A low-profile (0.21λg× 0.35λg× 0.02λg) and a simply-structured frequency-switchable antenna with eight
frequency choices were presented in the work. The radiating structure (monopole) is printed on a 1.6-mm-thick,
commercially available substrate of FR-4 (er = 4.4, tanδ = 0.020). Specifically, it uses three PIN diodes in the
designated places to shift the resonant bands of the antenna. The antenna operates at four different modes
depending on the ON and OFF states of the PIN diodes. While in each mode, the antenna covers two unique
frequencies (Mode 1 = 1.8 and 3.29 GHz, Mode 2 = 2.23 and 3.9 GHz, Mode 3 = 2.4 and 4.55 GHz, and Mode
4 = 2.78 and 5.54 GHz). The performance results show that the proposed antenna scheme explores significant
gain (>1.5 dBi in all modes) and reasonable efficiency (>82% in all modes) for each mode. Using a high-
frequency structure simulator (HFSS), the switchable antenna is designed and optimized. The fabricated model,
along with the PIN diode and biasing network, is tested experimentally to validate the simulation results. The
proposed antenna may also be combined in compact and heterogeneous radio frequency (RF) front-ends because
of its small geometry and efficient utilization of the frequency spectrum [15]

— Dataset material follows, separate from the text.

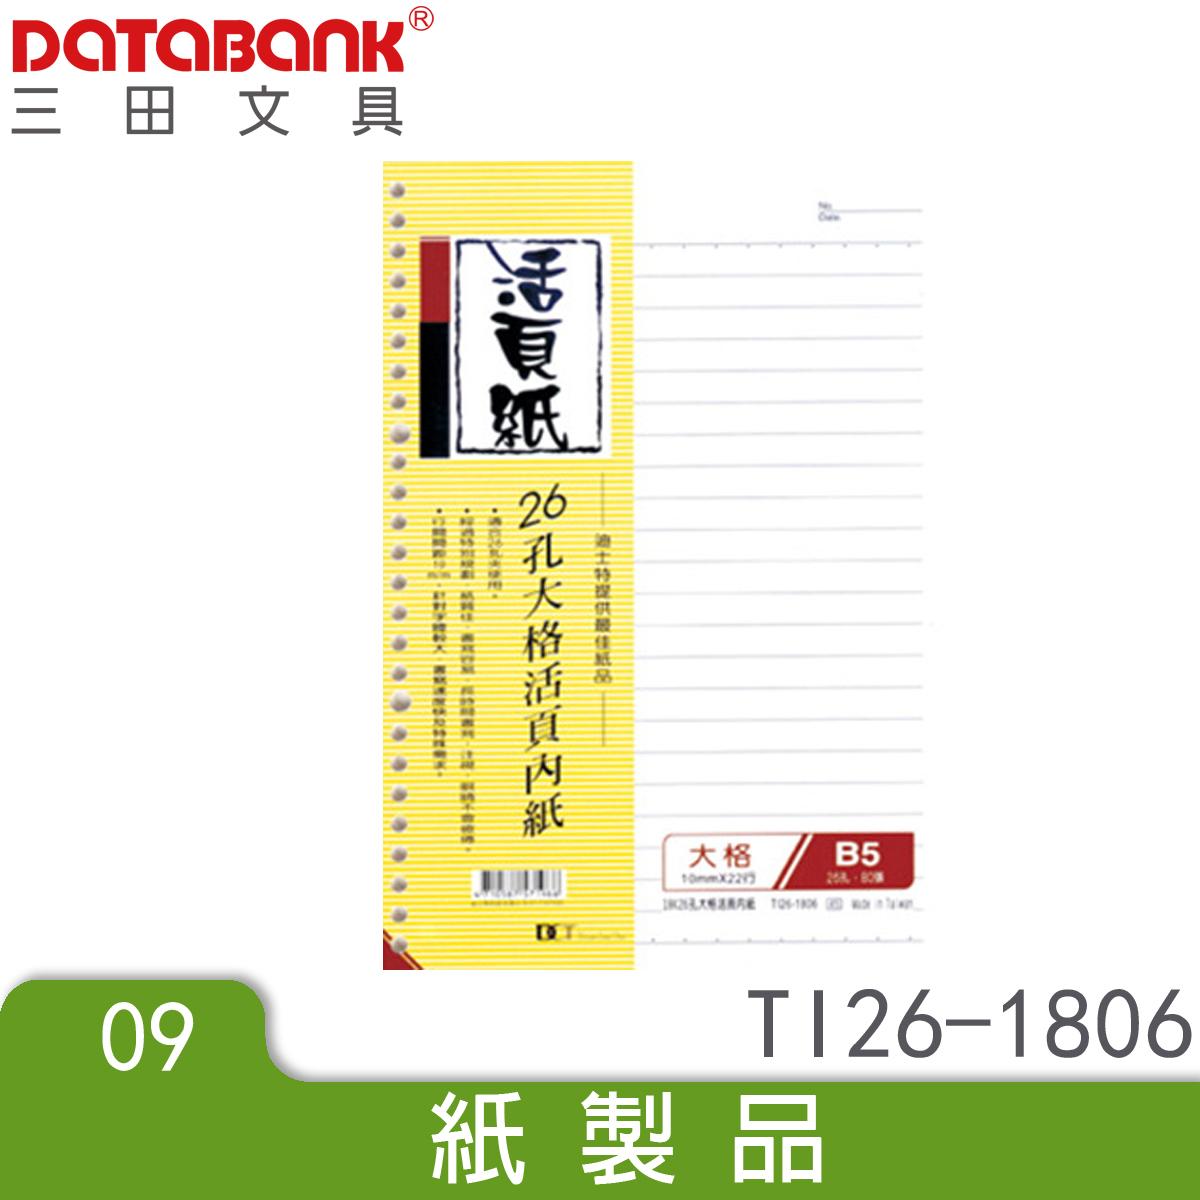 18K 26孔大格內紙(TI26-1806) 小記事本 memo紙 文件紀錄紙 DATABANK
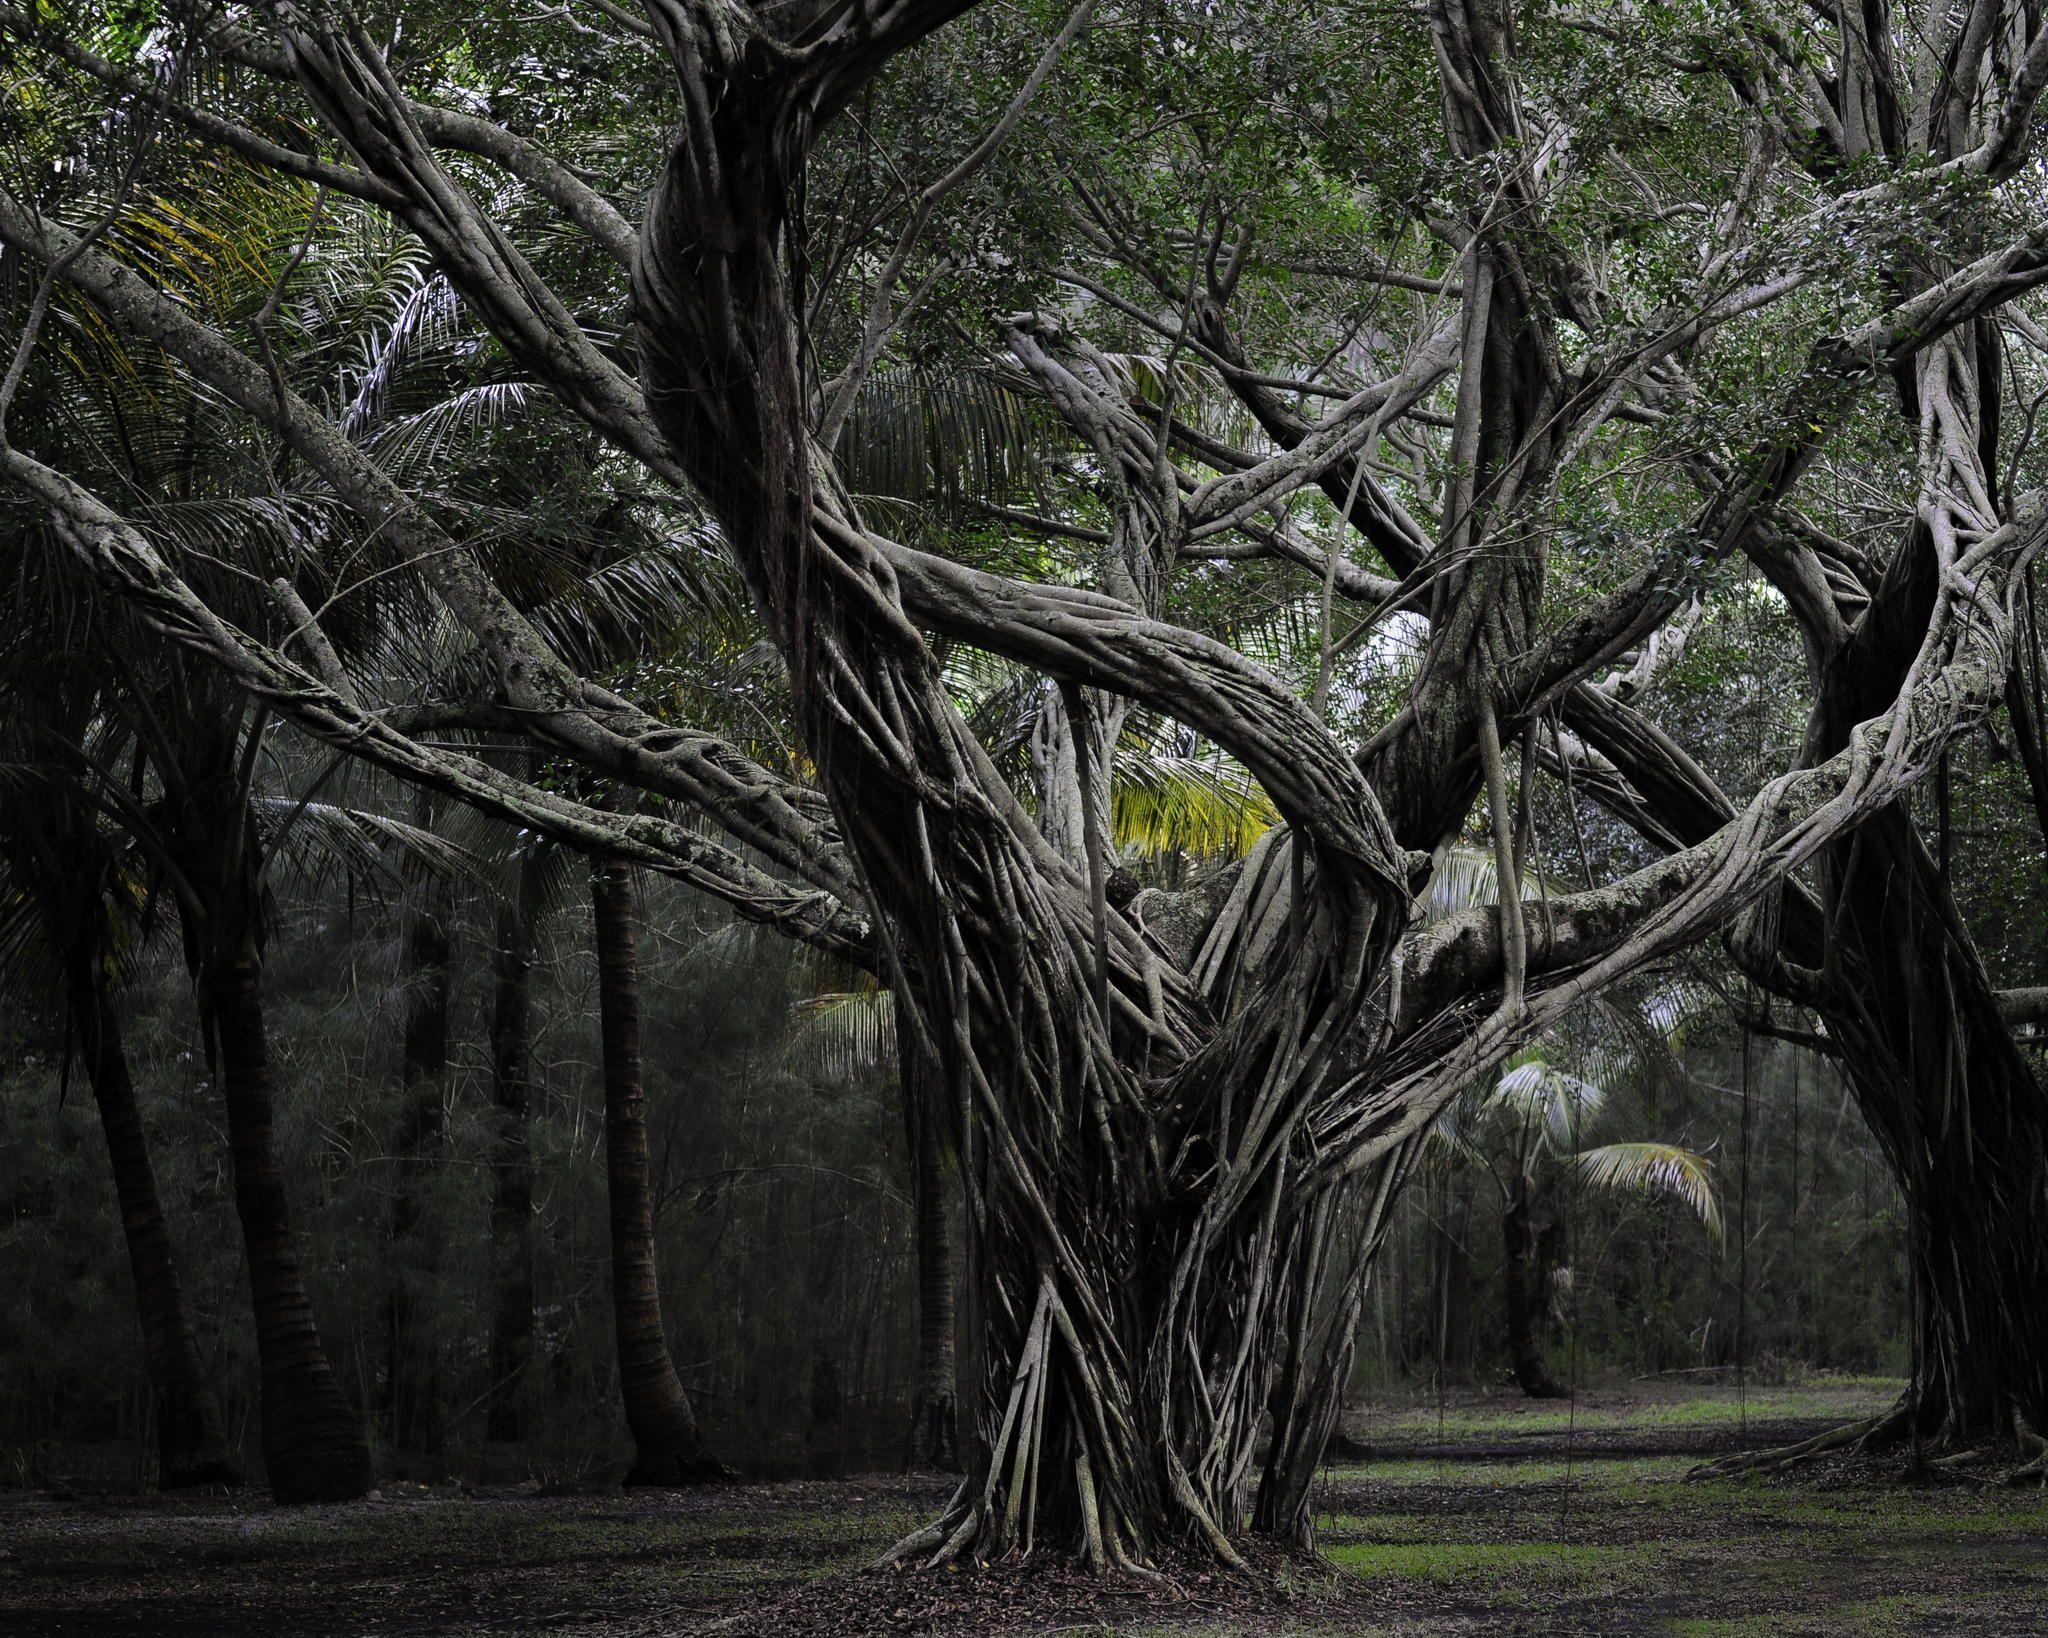 Jungle by Noah Rosen on 500px

[17] A frequency reconfigurable Libra shape antenna has been presented to provide frequency reconfigurability.
Two PIN diodes are integrated into the designed antenna structure; thus, the antenna is operated in four different
modes. Each mode is characterised by specific resonant frequencies, reflection coefficients (S11), and
bandwidths, demonstrating the reconfigurability of the antenna. Between 26 and 40 GHz, the S11 values for the
different modes of the antenna are below −10 dB, indicating the usability of the antenna in this frequency range.
The proposed structure has been fabricated with a printed circuit device and tested with a vector network analyser
in the microwave laboratory. The experimental results support the simulation results and confirm that the antenna
can maintain optimum performance in the specified frequency ranges. The developed multimode antenna
structure is a good candidate for various applications such as telecommunications (5G), satellite communication
systems, scientific research, Radio Astronomy, Industrial and Medical Applications, and radar systems.
[18] presents a compact multifrequency reconfigurable patch antenna in terms of design and fabrication for
operating in the S and C bands of the RF spectrum, which are overwhelmed by wireless applications.
Reconfiguration is achieved by using a single PIN diode on the ground plane. By varying the voltage applied to
the diode, three modes can emerge, exhibiting main resonant frequencies at 2.07, 4.63, and 6.22 GHz. Resonance
switching requires a voltage of less than 0.9 V. The antenna fabricated on an FR-4 substrate, with a volume of
70 x 60 x 1.5 mm3, has a radiating patch element of a rectangular ring shape. The proposed low-cost antenna is
easily implemented in a typical university lab-based environment. The total bandwidth for the three modes is
close to 1 GHz, while the voltage standing wave ratio (VSWR) of the fabricated version of the antenna does not
exceed 1.02, and the return loss is well below -40 dB for the three primary resonant frequencies.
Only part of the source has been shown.